Con tal fuerza, ni siquiera el Rey de Guerra Qiankun probablemente sería rival para Ye Ling, y sabiendo que no podía ganar, ¿por qué se quedaría Hong Wu?

Que Ye Ling le perdonara la vida ya era una gran fortuna; ¿por qué se quedaría a buscar la muerte?

La masacre por parte de Chen Dao y He Feng continuó, y en solo unos minutos, docenas de luchadores dominantes habían sido gravemente heridos o asesinados.

—Suficiente, dejen a algunos —dijo Ye Ling oportunamente, y solo entonces Chen Dao y su compañero cesaron su ataque.

En cuanto a los pocos jefes de familia restantes, ahora estaban acurrucados en la esquina, temblando y llenos de miedo.

—Vuelve y dile al Rey de Guerra Qiankun, si quiere venganza por Lin Zhantian, que venga él mismo —dijo Ye Ling a Yao Qian, con expresión indiferente.

Yao Qian asintió inmediatamente y salió corriendo de la oficina sin mirar atrás.

Los pocos luchadores poderosos restantes también se marcharon rápidamente, mientras que Chen Zhipeng se apresuró a salir de la oficina en su silla de ruedas.

—Un montón de basura —dijo Chen Dao con desdén.

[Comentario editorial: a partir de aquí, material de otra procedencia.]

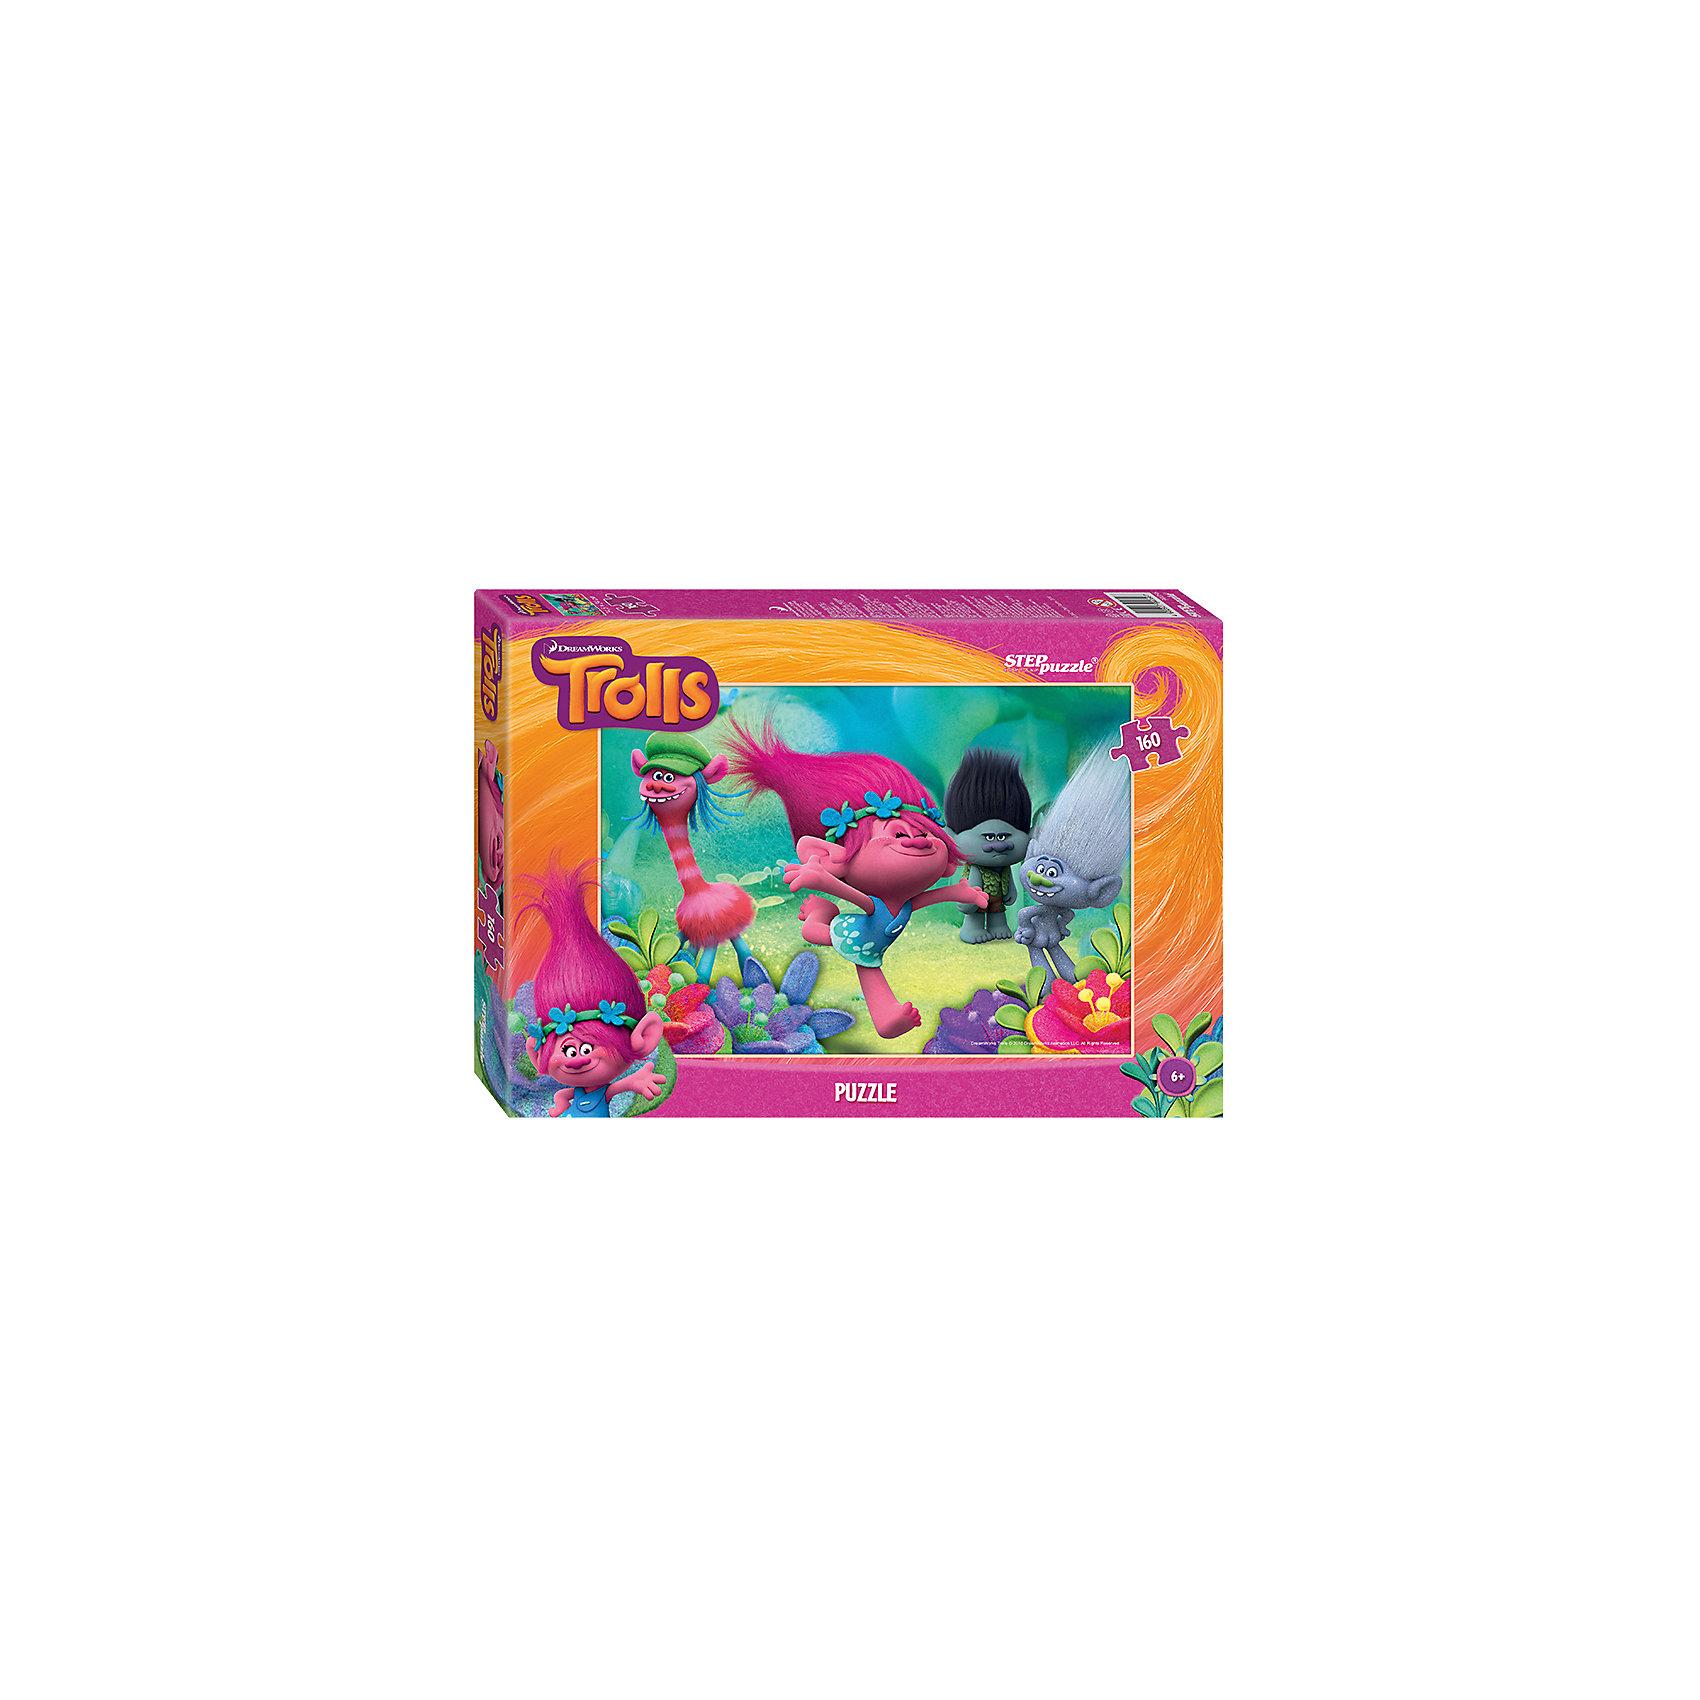 Пазл Тролли, 160 деталей, Step PuzzleТролли<br>Характеристики товара:<br><br>- цвет: разноцветный;<br>- материал: картон;<br>- размер деталей: 2х2,2 см;<br>- деталей: 160;<br>- высокая точность подгонки элементов;<br>- размер собранного изображения: 34,5?24 см;<br>- отличное качество печати;<br>- упаковка: коробка.<br><br>Собирать пазлы любят и дети, и взрослые! Это занятие может не только позволять весело проводить время, но и помогать всестороннему развитию ребенка. Изделие представляет собой детали, из которых нужно собрать очень красивую картинку. Все детали отлично проработаны, готовое изображение можно даже зафиксировать на бумаге и украсить им интерьер!<br>Собирание пазлов поможет формированию разных навыков, оно помогает развить тактильное восприятие, мелкую моторику, воображение, внимание и логику. Изделие произведено из качественных материалов, безопасных для ребенка. Набор станет отличным подарком детям!<br><br>Пазл Тролли, 160 деталей, от бренда Step Puzzle можно купить в нашем интернет-магазине.<br><br>Ширина мм: 280<br>Глубина мм: 195<br>Высота мм: 40<br>Вес г: 230<br>Возраст от месяцев: 36<br>Возраст до месяцев: 120<br>Пол: Унисекс<br>Возраст: Детский<br>SKU: 5138188

Ye Ling lo miró y luego dijo:
—Limpia este lugar y ventílalo.

—Sí, Gran Gran Maestro —respondió Chen Dao e inmediatamente sacó un paquete de polvo blanco de su bolsillo, mientras He Feng se acercaba con un cubo de agua en ese momento.

El polvo blanco fue vertido en el cubo de agua, disolviéndose instantáneamente.

Luego, Chen Dao reunió los cuerpos en la oficina y vertió todo el cubo de agua sobre ellos.

Lo que siguió fue una escena aterradora, ya que los cuerpos junto con su ropa se disolvieron a un ritmo visible, como si nunca hubieran existido.

Después, Chen Dao y He Feng limpiaron las manchas de sangre en la oficina usando el mismo método.